“The second win felt different than the first,” said Zach Wallenburg, a computer science major in the Raikes School.
The junior from Lenexa, Kansas, has helped bring home two consecutive debate national championships, including the first in history at the University of Nebraska–Lincoln.
“The first time we won was the first-ever debate championship UNL, so we were really the underdogs with something to prove,” Wallenburg said. “The second year, we came back with a chip on our shoulder — we wanted to prove that the last year wasn’t a fluke.”
Though debate is an individual competition, tournaments count the total scores of each school to determine the winning teams.
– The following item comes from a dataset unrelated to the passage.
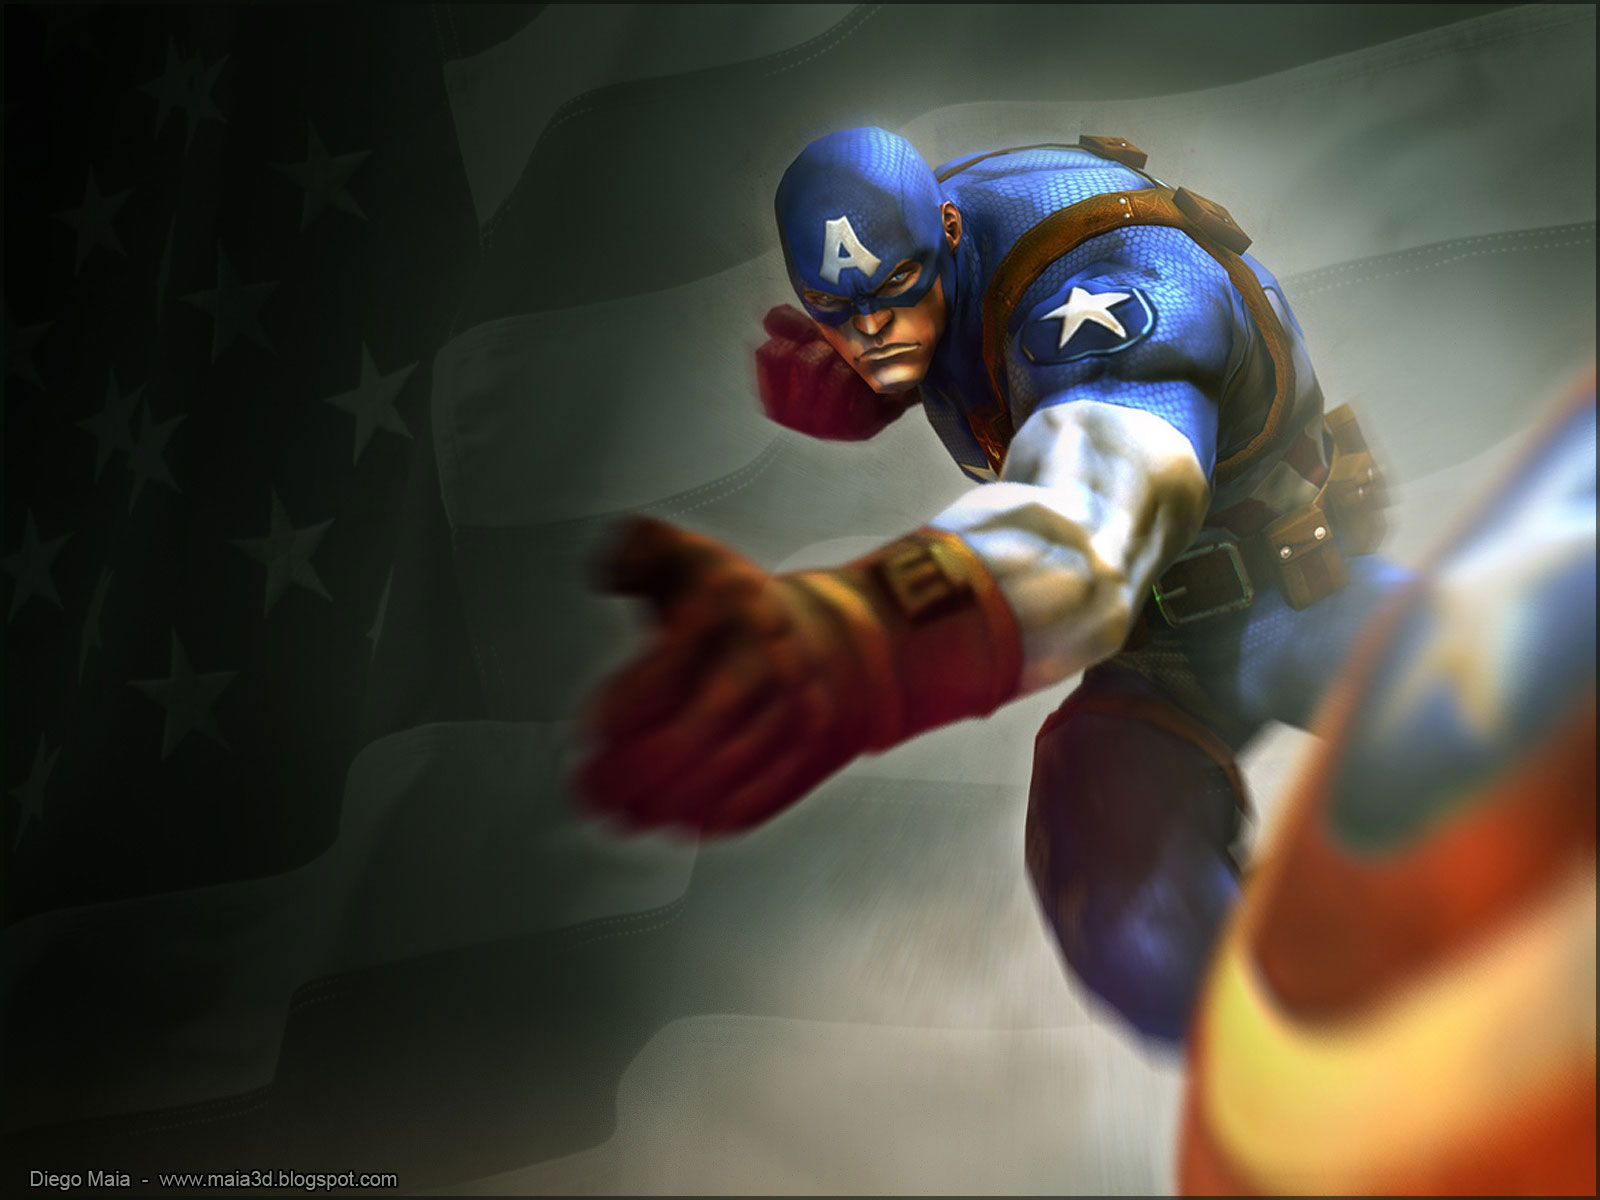 Descarga gratis la imagen Historietas, Capitan América en el escritorio de tu PC

Preparing as a team, explained Wallenburg, is the most essential part of the Husker debaters’ success.
“All of the preparation that our team does together is probably 90% of the work,” he said. “We receive the debate topics months in advance, and from there we have to be prepared to debate in affirmation or negation of the debate topic.”
Topics are usually timely — nuclear arms control being this year’s topic — and give the debate team plenty of real-world knowledge to absorb, analyze and consider when building arguments for competition.
Unsurprisingly, it’s a lot of work.
“It takes a lot of time to research and identify evidence that defends the point of view we’re promoting,” Wallenburg said. “Being a university team, we still have to think about all the traveling and keeping up with our grades — stuff you don’t see when you look at results.”
A student in the Jeffrey S. Raikes School of Computer Science and Management, Wallenburg credited Raikes School faculty, debate associate director Justin Kirk and his debate teammates for helping make the balance work.
“It’s demanding, but I have such a good network of friends and teachers that I can rely on — we have a really good atmosphere that prioritizes what we need,” he said.
As for the impacts of being back-to-back champions, Wallenburg said he’s proud to help UNL’s debate reputation grow and attract new talent.
“Historically, people learning debate in Nebraska high schools have tried to go elsewhere. Now, we have more first-years than we’ve ever had” he said. “It’s exciting to watch this program grow.”